In the AIDA data, blood samples from donors were processed at three different institutes: the genome institute of Singapore (GIS), RIKEN (RIK), and Samsung genome institute (SGI). We can investigate if donors processed at the different institutes provide similar batch effects by performing TSNE on the 5-dimensional variational batch embeddings representing the donors. In particular, the design of the 'variational'
batch representation option also lets us encode donors that were held out from training.
The inference network for the batch representations learns to encode donors from GIS differently from donors from RIK or SGI. In particular, we can see that the batch inference network has generalized, and has successfully encoded unseen donors so they are similar to seen donors from the same institute.
How do the encoded batch embeddings compare to embeddings that are learned through optimization using the 'embedding'
batch representation option?
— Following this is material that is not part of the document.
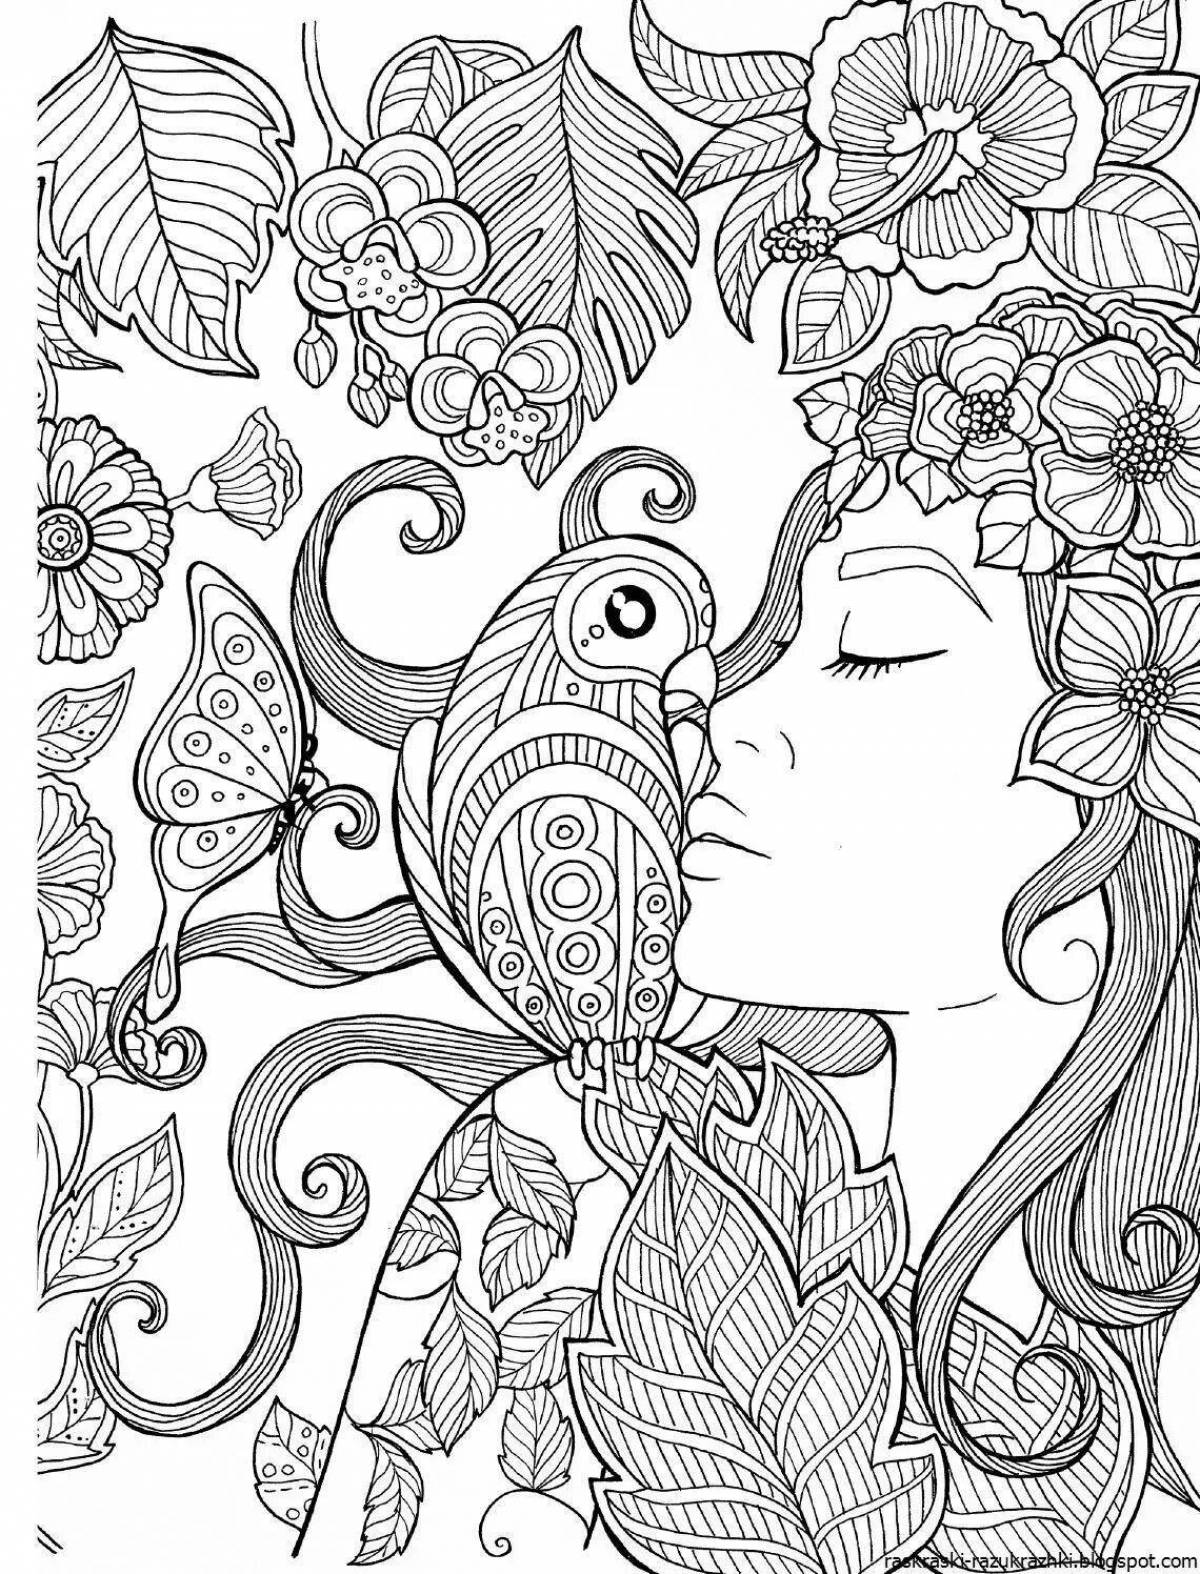 Refreshing anti-stress coloring book for adults

We can similarly perform TSNE visualization on these learned embeddings, with the caveat that we can only get these representations for the training data with 453 donors.
Similar to how the 'embedding'
option seems better at learning to represent the single cell data, it also appears more effective at learning different types of batch effects. We can see clustering into subpopulations even within institutes in the learned representations.
Conclusions
It is disappointing that this new model using variational encoder for batch representation has lower performance than the other options. It is still very encouraging that the ultimate goal, the ability to represent unseen batches, is working correctly!
It is very likely that 450 training points is insufficient to learn an inference model to encode the batches accurately. It is probably worth revisiting this strategy with a much larger set of batches. There are very few individual datasets with this many batches, but could potentially be useful if training on e.g., all cells in cellxgene and you want to be able to inject new data over time.
A fork and branch of scvi-tools that implements the 'variational'
batch representation option is available on github at https://github.com/vals/scVI/tree/codex/add-pseudobulk-generator-and-integrate-with-vae. Scripts and notebooks for training and generating results are available on github at https://github.com/vals/Blog/tree/master/250621-variational-batch-encoding.
References
Tian, Chi, Yuntian Zhang, Yihan Tong, Kian Hong Kock, Donald Yuhui Sim, Fei Liu, Jiaqi Dong, et al. 2024. “Single-Cell RNA Sequencing of Peripheral Blood Links Cell-Type-Specific Regulation of Splicing to Autoimmune and Inflammatory Diseases.” Nature Genetics 56 (12): 2739–52.